**Data for review:**
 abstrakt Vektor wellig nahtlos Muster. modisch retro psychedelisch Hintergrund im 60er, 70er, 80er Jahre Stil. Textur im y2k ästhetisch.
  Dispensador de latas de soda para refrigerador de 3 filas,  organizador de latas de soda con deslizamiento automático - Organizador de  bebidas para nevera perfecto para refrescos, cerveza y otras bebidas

---

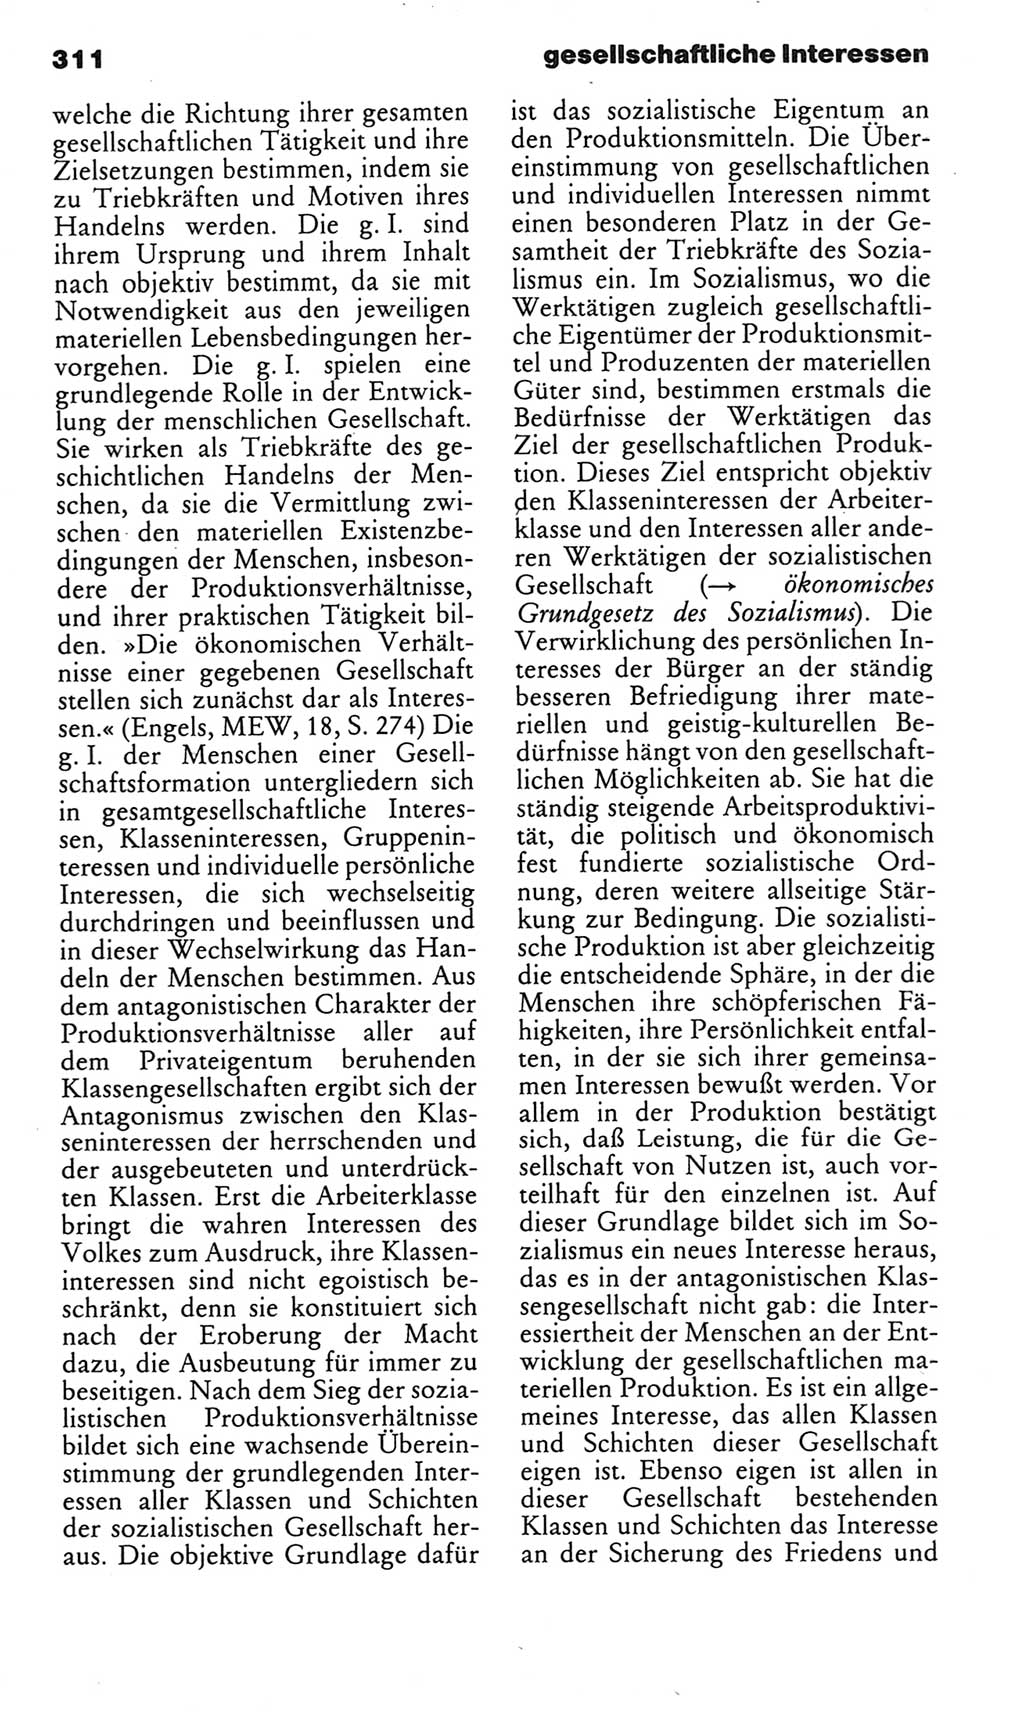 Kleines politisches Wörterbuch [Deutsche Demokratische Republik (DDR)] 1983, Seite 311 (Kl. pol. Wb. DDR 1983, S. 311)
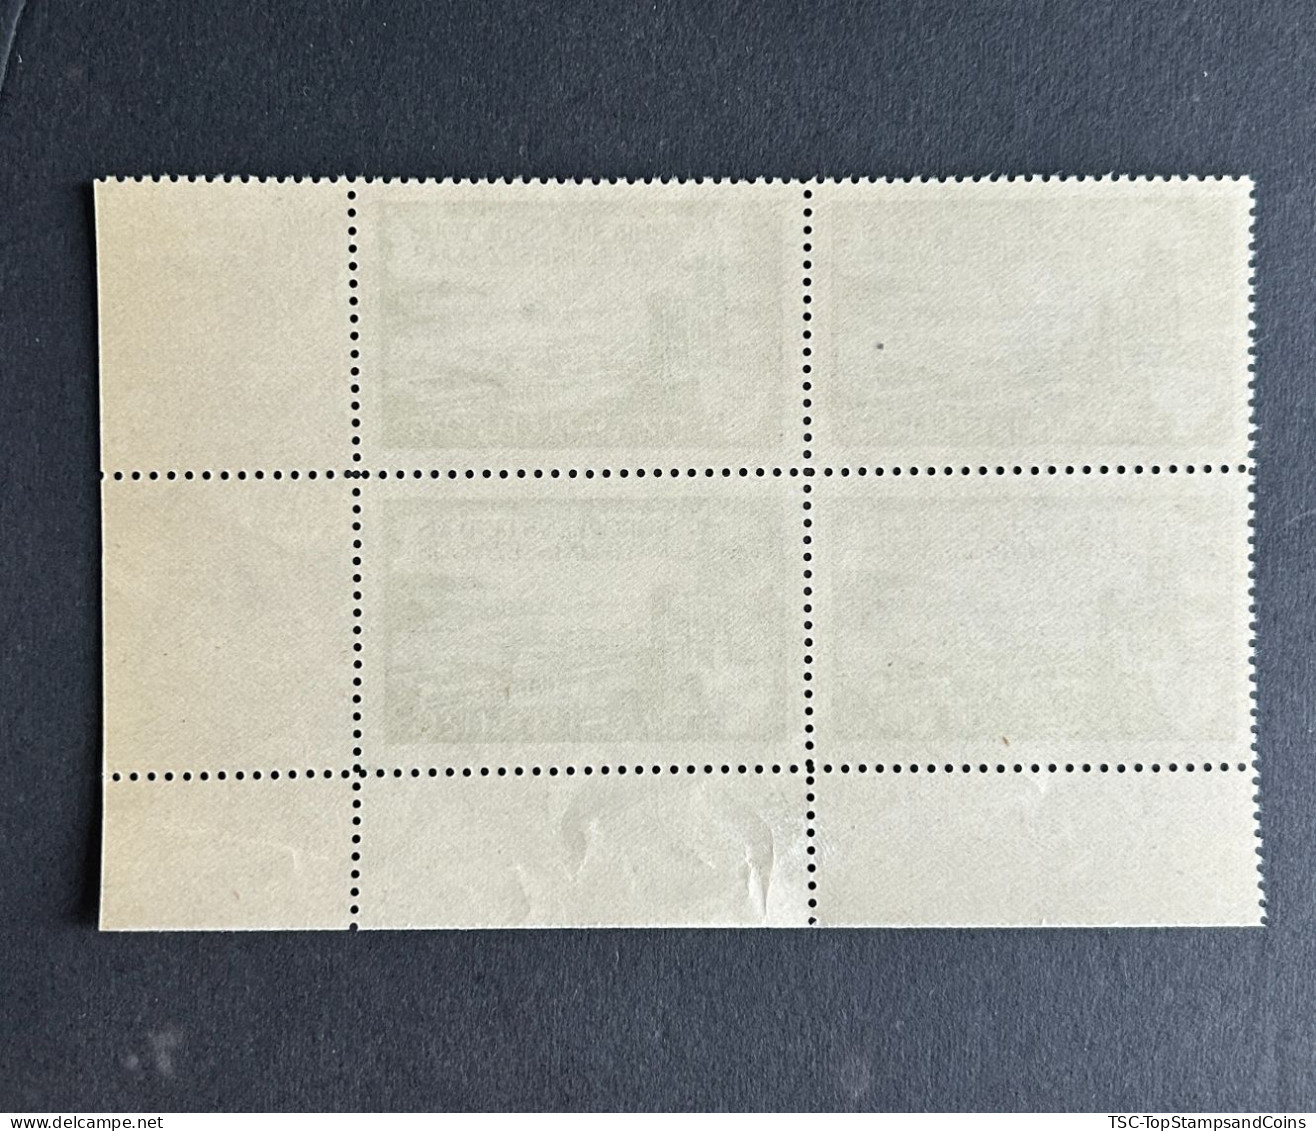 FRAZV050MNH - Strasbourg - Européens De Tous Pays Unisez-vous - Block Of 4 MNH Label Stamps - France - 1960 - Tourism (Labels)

**Work task:** Taking the entries above, write out exactly each line from the one holding "abstrakt Vektor wellig" to the one holding "Dispensador de latas", both included, and stop there.

**Output of the exercise:**
 abstrakt Vektor wellig nahtlos Muster. modisch retro psychedelisch Hintergrund im 60er, 70er, 80er Jahre Stil. Textur im y2k ästhetisch.
  Dispensador de latas de soda para refrigerador de 3 filas,  organizador de latas de soda con deslizamiento automático - Organizador de  bebidas para nevera perfecto para refrescos, cerveza y otras bebidas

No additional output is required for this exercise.